▶ Work task:
Starting with the line in which "Clipart love romantic" appears, give back every line exactly as written until the listing ends, excluding pictures.

▶ Supplied data:
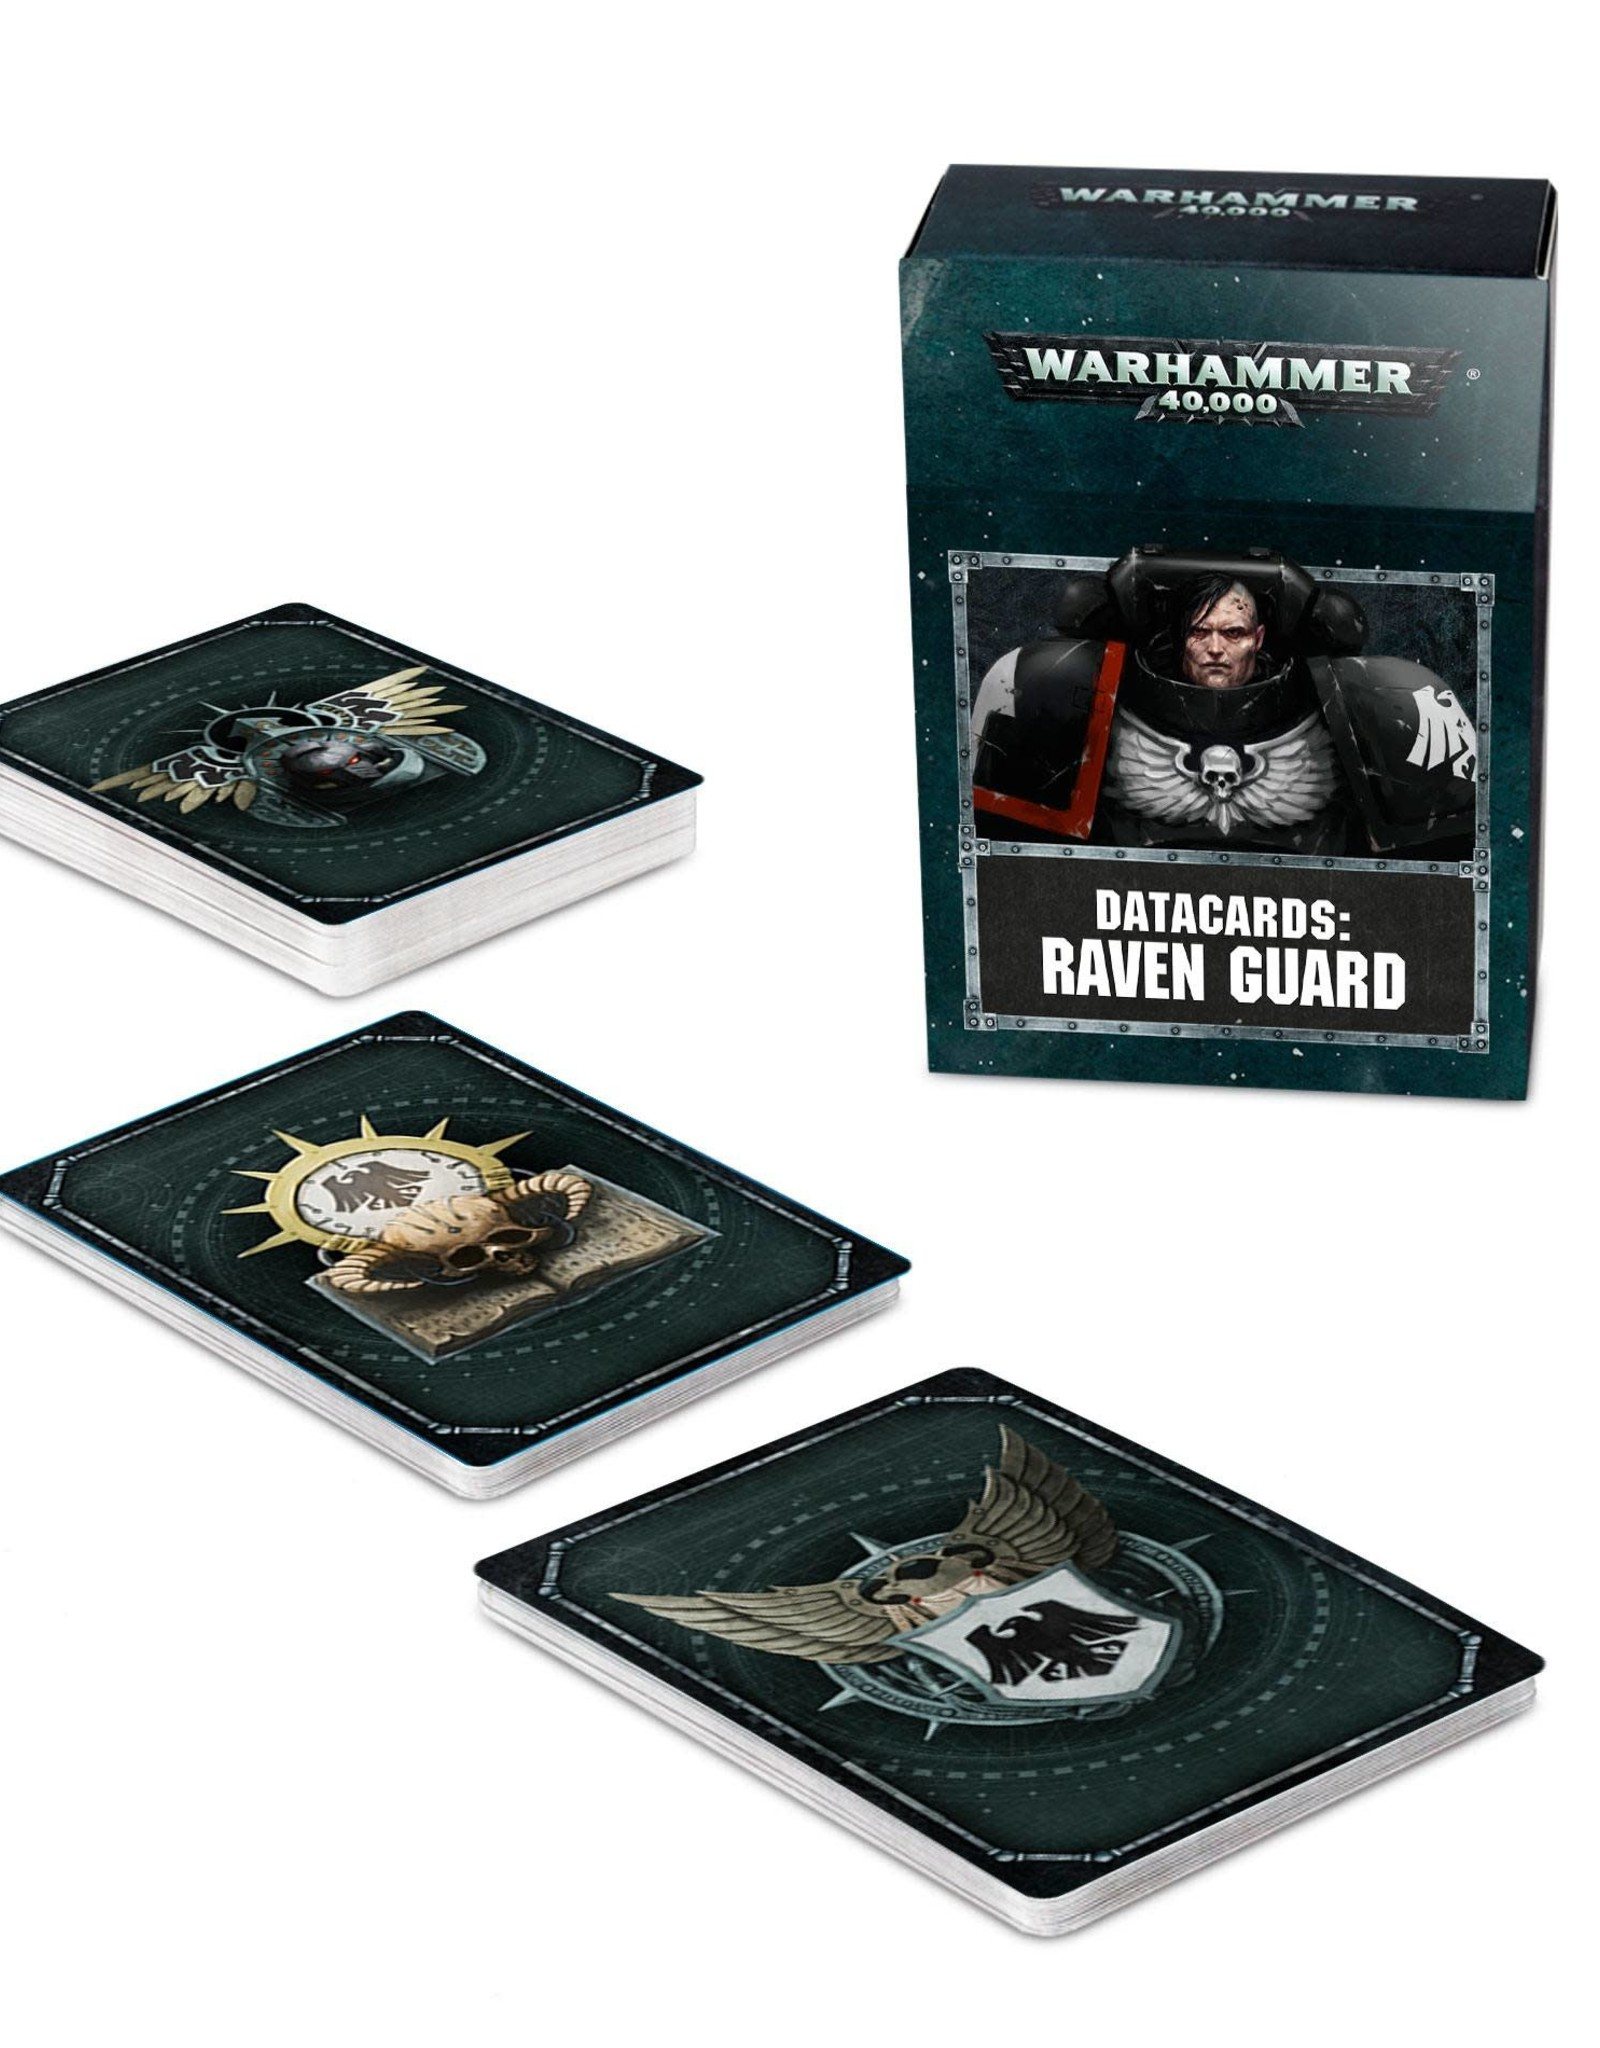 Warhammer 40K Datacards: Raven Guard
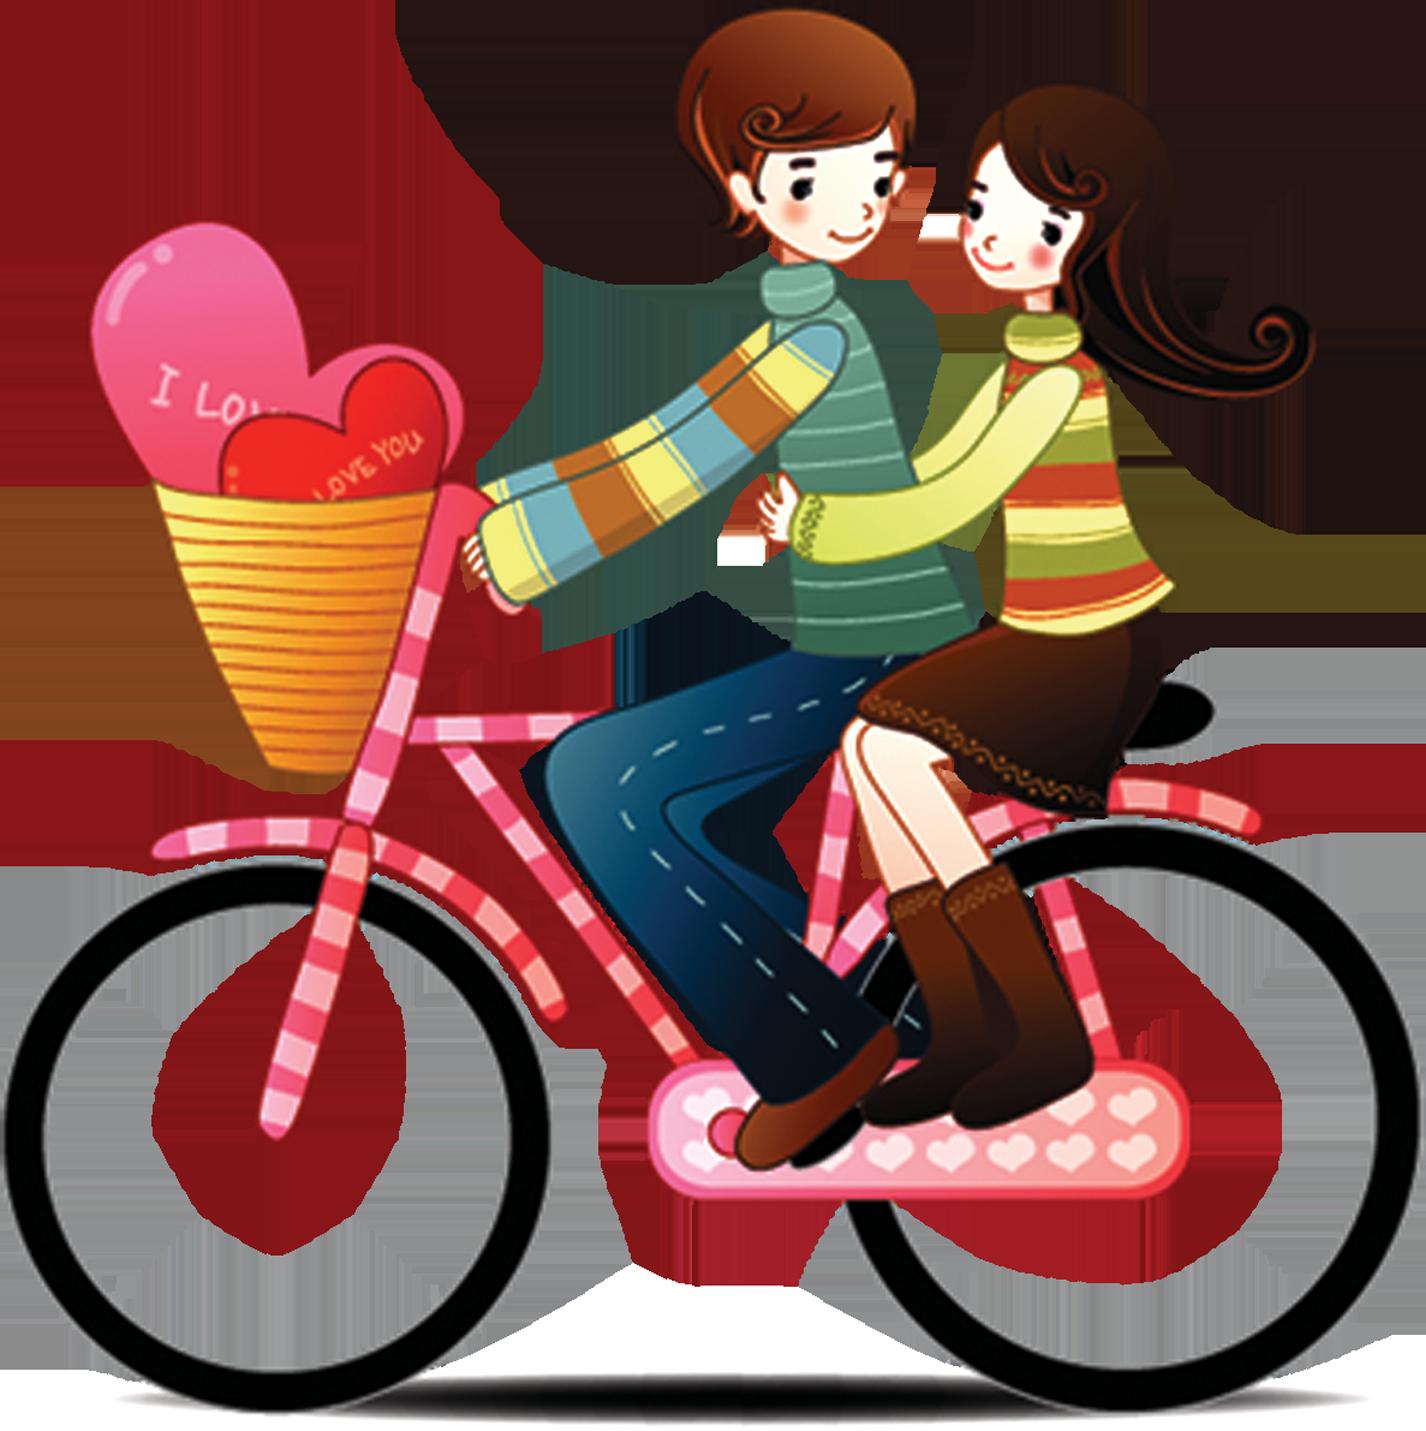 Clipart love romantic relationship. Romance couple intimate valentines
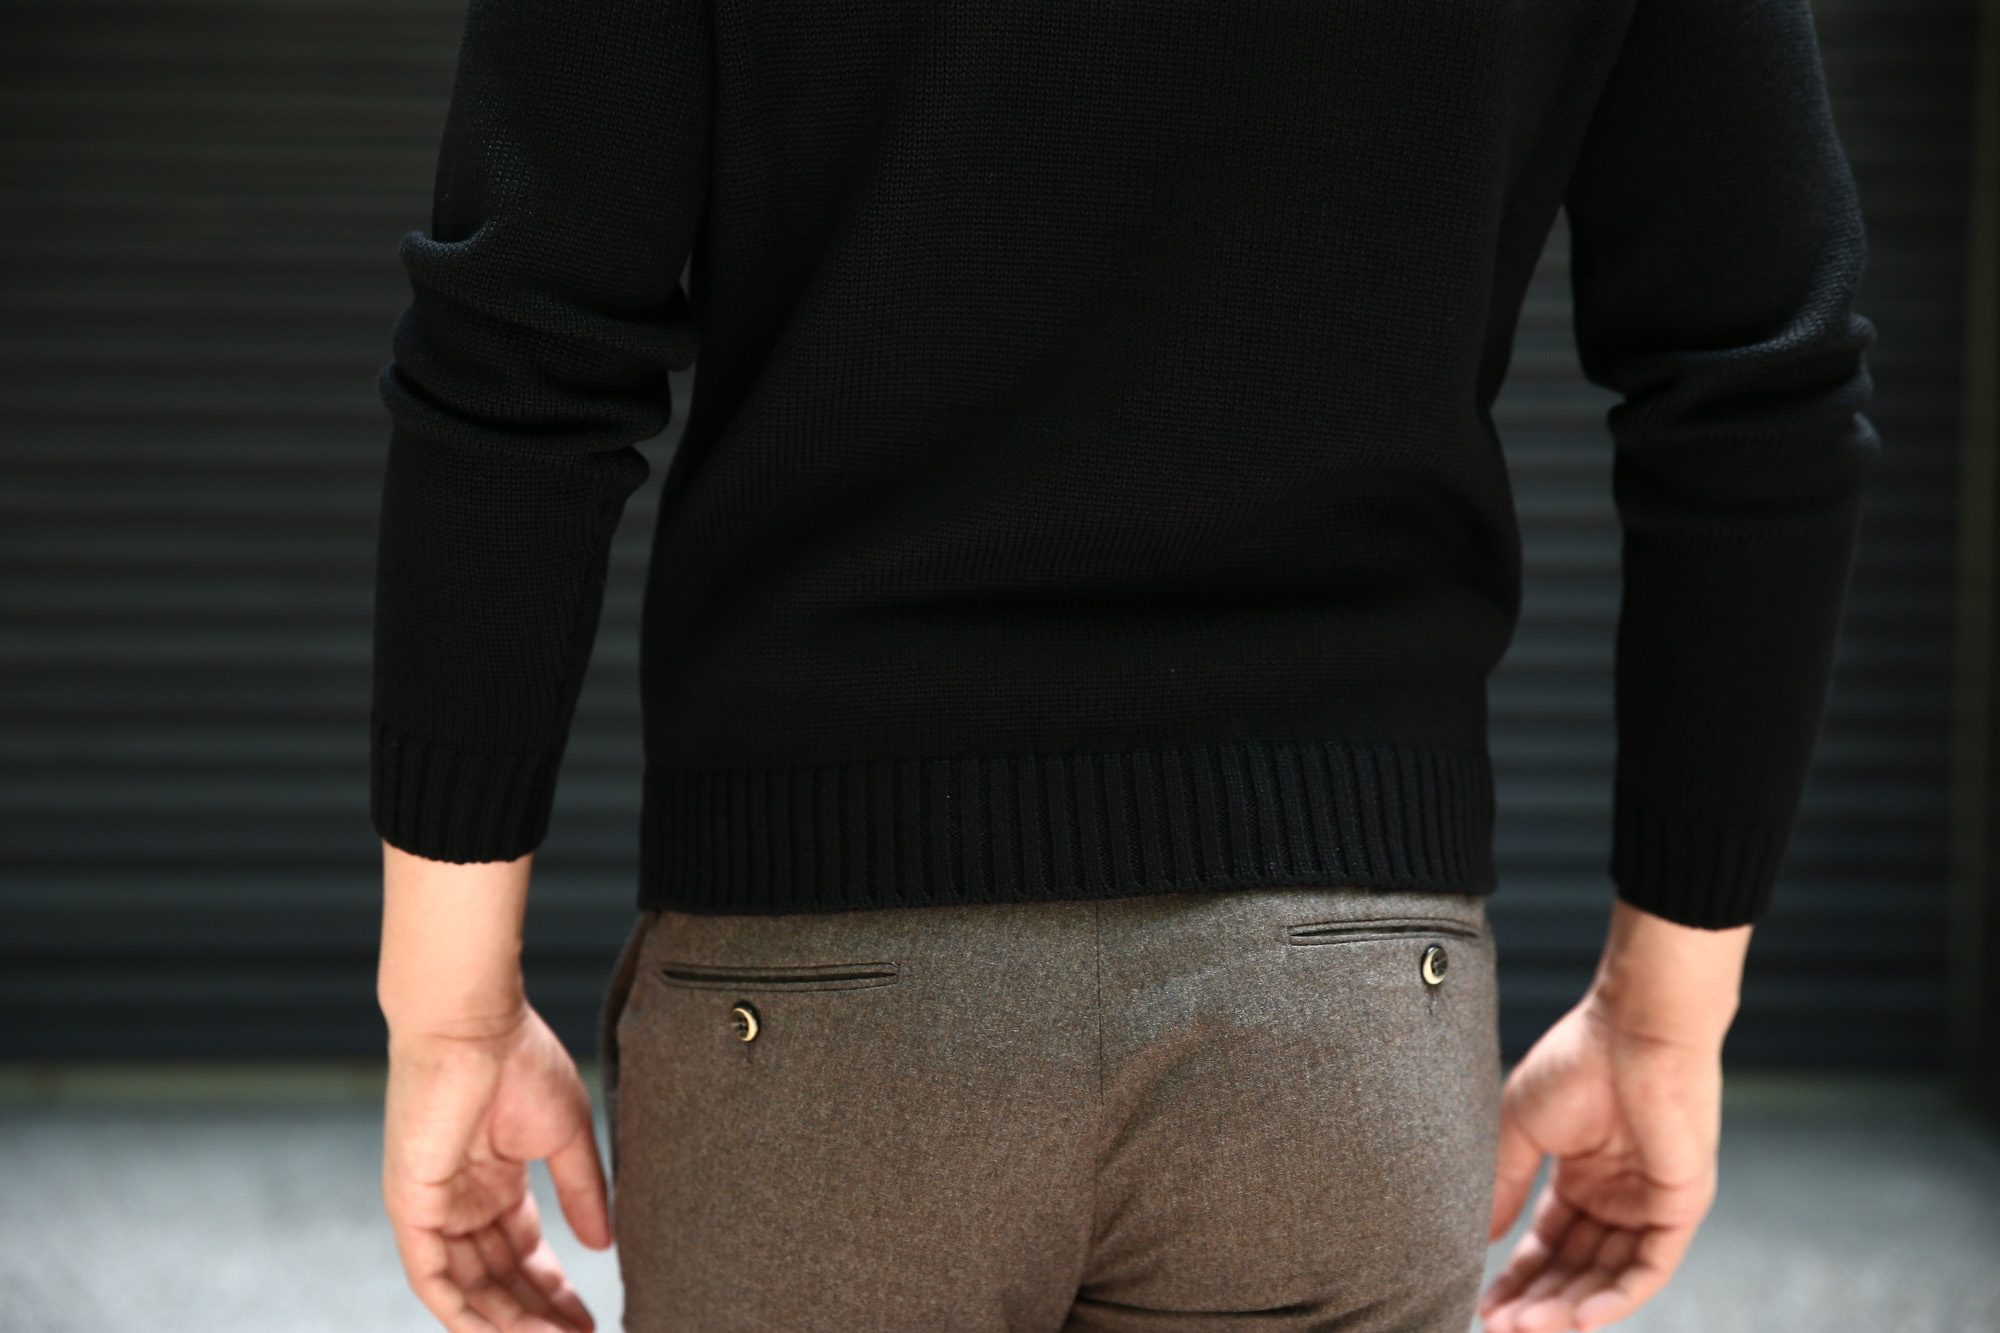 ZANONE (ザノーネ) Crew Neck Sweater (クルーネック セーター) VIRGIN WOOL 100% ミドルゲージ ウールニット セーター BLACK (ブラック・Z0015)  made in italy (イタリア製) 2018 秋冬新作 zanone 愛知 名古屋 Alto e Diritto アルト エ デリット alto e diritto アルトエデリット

▶ Problem solution:
 Clipart love romantic relationship. Romance couple intimate valentines
 ZANONE (ザノーネ) Crew Neck Sweater (クルーネック セーター) VIRGIN WOOL 100% ミドルゲージ ウールニット セーター BLACK (ブラック・Z0015)  made in italy (イタリア製) 2018 秋冬新作 zanone 愛知 名古屋 Alto e Diritto アルト エ デリット alto e diritto アルトエデリット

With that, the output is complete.